The group falls out of the Limo clearly in a drug-induced state, the camera wobbles and distorts the image and the colour palette has this overexposed green hue, drastically different from either their sober adventures or their drunken adventures. They've just survived the Metal Girls but are tripping their brains out on acid. This part is really interesting, I believe it is all about finding identity. They encounter three different characters here, all of which point to this idea.

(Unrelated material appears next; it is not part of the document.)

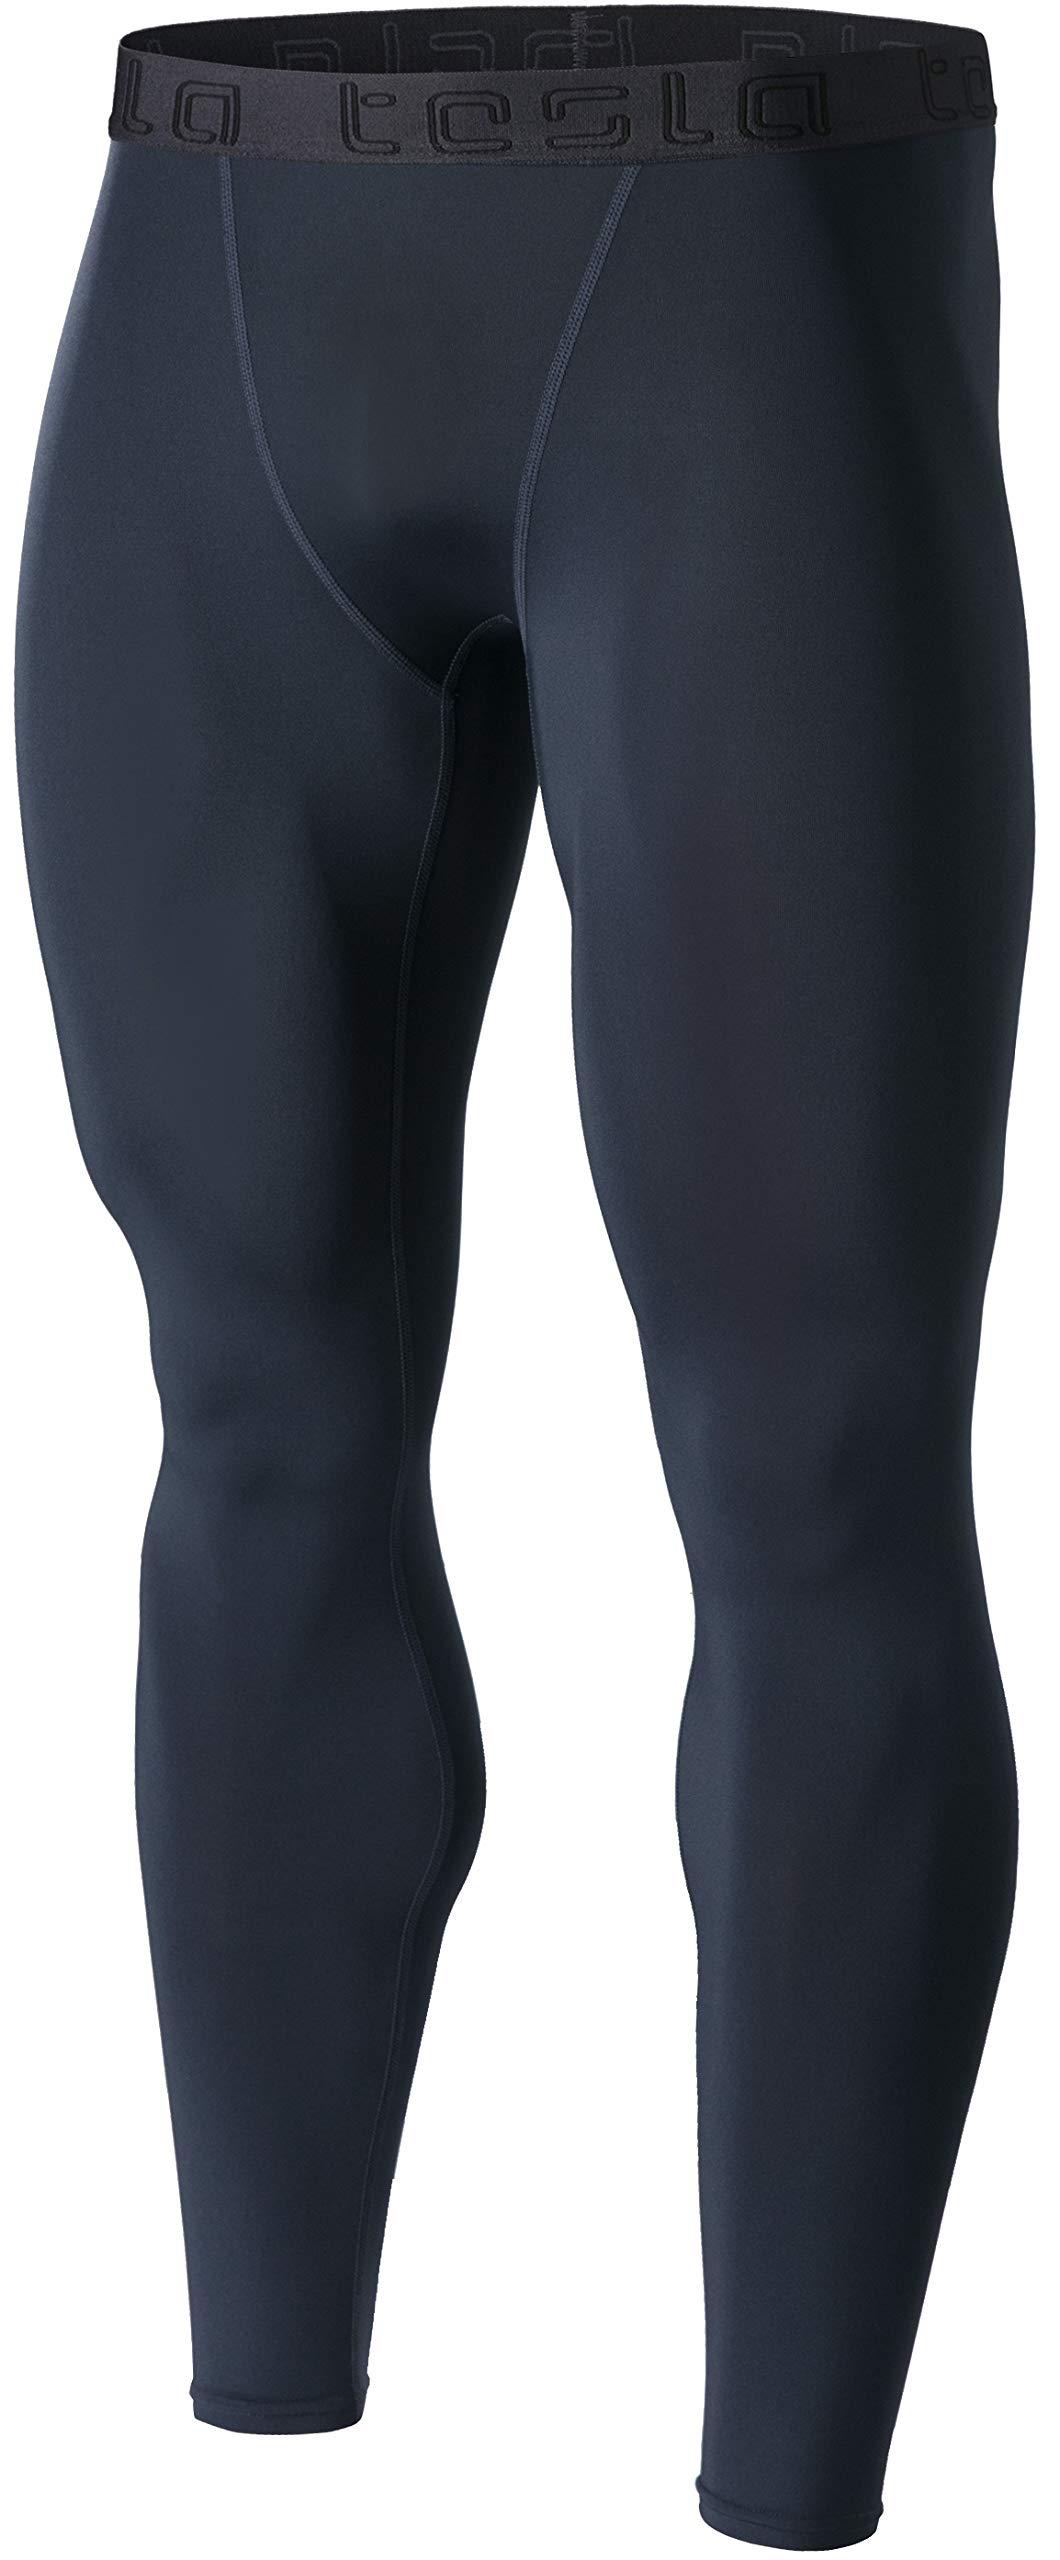 TSLA Men's Compression Pants Running Baselayer Cool Dry Sports Tights, Basic(mup09) - Charcoal, Medium by TSLA

Their first encounter is one of the more curious castings in the entire short, Clint Caluory (whoever the hell that is) is officially billed as "Clint as Zach Galifianakis as George Drakoulias." Actually my first impression of seeing him was that he was Galifanakis but something was definitely off. George Drakoulias was the protege of Rick Rubin, co-founder of Def Jam Records and was instrumental in discovering and signing the Boys. He also looks like this. Naturally when lining up the finest working comedians in the video, Galifianakis is an inspired choice to play him, my first thought at Caluory's involvement is that they couldn't secure Galifianakis and so went with a look-alike then kept the billing as a joke.

We can go deeper though. The Acid Trip is about discovering identity and the fuddled Clint/Zach/George blur certainly aligns with that. The boys aren't quite sure if they're buying a hot dog from one of their oldest producers, a modern-day superstar or some random dude. It's a confusing effect that actually has many respected people confused. Drakoulias is also mentioned in the Beastie Boys track "Stop That Train" off Paul's Boutique. Nothing is quite real in this world and the shaky identity here affirms that.

During this encounter MCA raps very slurred "Pass me the scalpel, I’ll make an incision / I’ll cut off the part of your brain that does the bitching / Put it in formaldehyde and put it in the shelf / And you can show it to your friends and say 'that’s my old self.'" This is very directly a foreshadow of what's to come later in the short film regarding the clash between present and future versions of the Boys. The young versions are bitching, fighting against the world but one day that part of them will be relegated to their "old self," and they'll move on from the anarchy of "Fight for Your Right."

The identity crisis doesn't stop there though! Immediately after leaving Clint/Zach/George Ad-Rock has a close encounter with Nathanial Hörnblowér played by David Cross. Nathanial Hörnblowér is a pseudonym of Adam Yauch (the second alternate MCA to appear in the film, the first being Sir Stewart Wallace) that he commonly uses for music videos he directs. He also fictionally directed their concert film Awesome; I Fuckin' Shot That! and in the DVD appeared in a special extra played by...David Cross. See? It's all coming together. Hörnblowér here is again part of their splintering identity. He represent's Yauch's foray into film and as such appears just as inebriated as the Boys themselves. In a world of alternate realities Hörnblowér is just as real and Ad-Rock looks at him as if he can almost recognize him, as he does to Ad-Rock.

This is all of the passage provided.